In recent years I have been reducing carbs or at least fast-acting carbs.  Ten years ago I would have argued (and did argue) with anyone who suggested that I couldn’t manage my diabetes well while eating a lot of carbs.  I knew that things like cookies and candy were guilt-laden treats and better left alone, but I loved my breakfast with cereal, milk, fruit, and cottage cheese.  Other meals weren’t much different and I got used to high post-meal spikes followed by crashing lows because I didn’t know anything different.

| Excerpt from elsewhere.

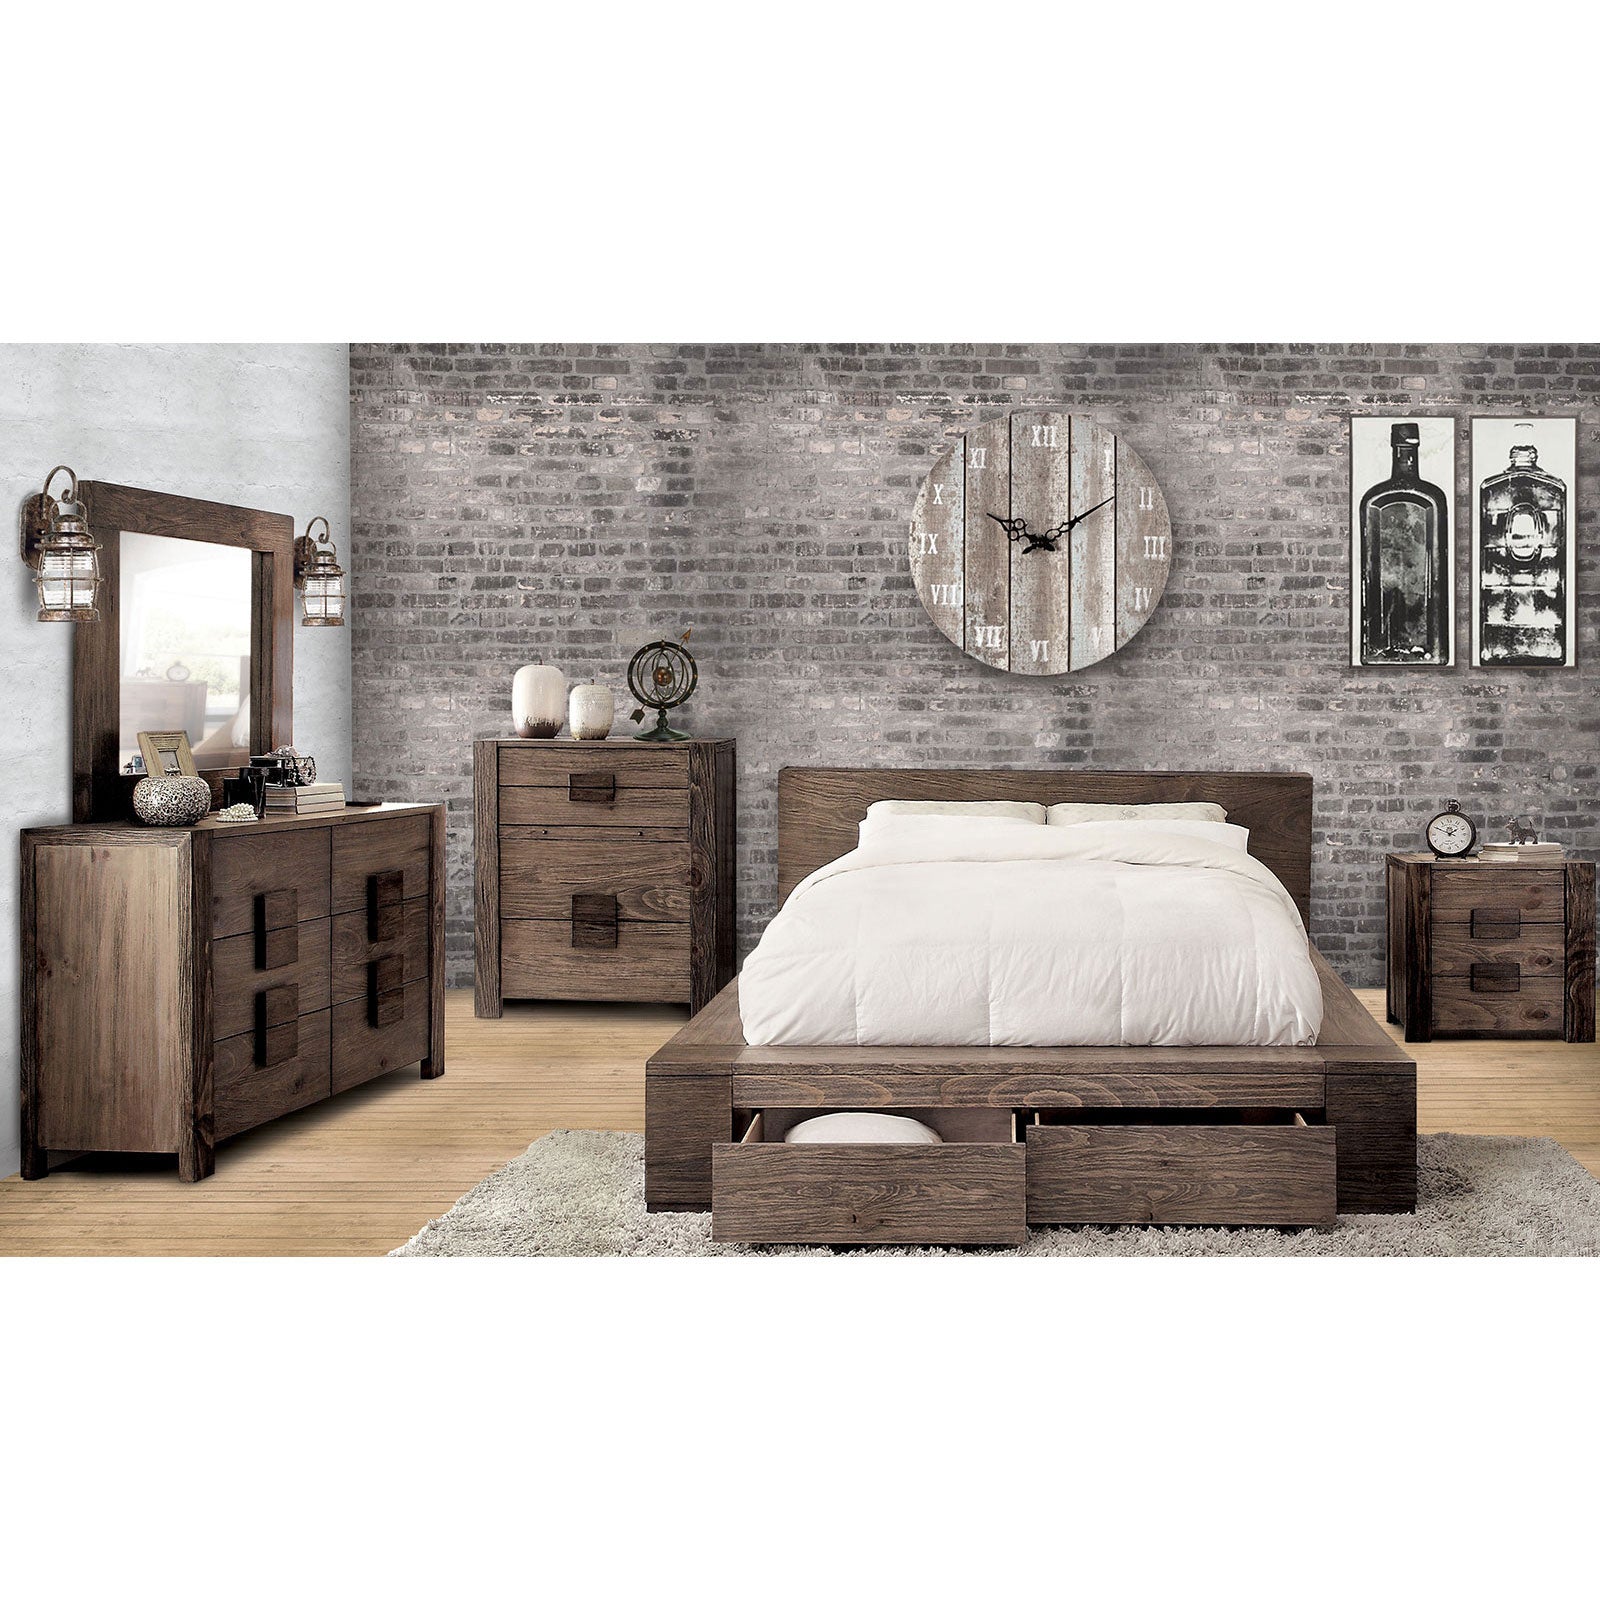 JANEIRO Rustic Natural Tone Queen Bed

Why did I start exploring alternative ways to eat and finally commit to low carb?  Because I was tired of the lows.  My lows and highs have always been intrinsically connected.  I have never been able to match insulin well to high carb meals.  I’ve pre-bolused until I went low before eating; I’ve tried the super bolus; I’ve experimented with combo boluses.  I’ve used Novolog, Humalog, and Apidra.  I’ve never tried Symlin for a multitude of reasons, but other than that I’ve done it all.  Carbs spike quickly for me and short-acting insulin stays around for a long time.  When I have a series of lows I tend to throw caution to the wind and eat a boatload of junk food resulting in stubborn highs.  After too many highs, I start rage bolusing and then end up low again.  After a while this gets to be an exhausting way to live.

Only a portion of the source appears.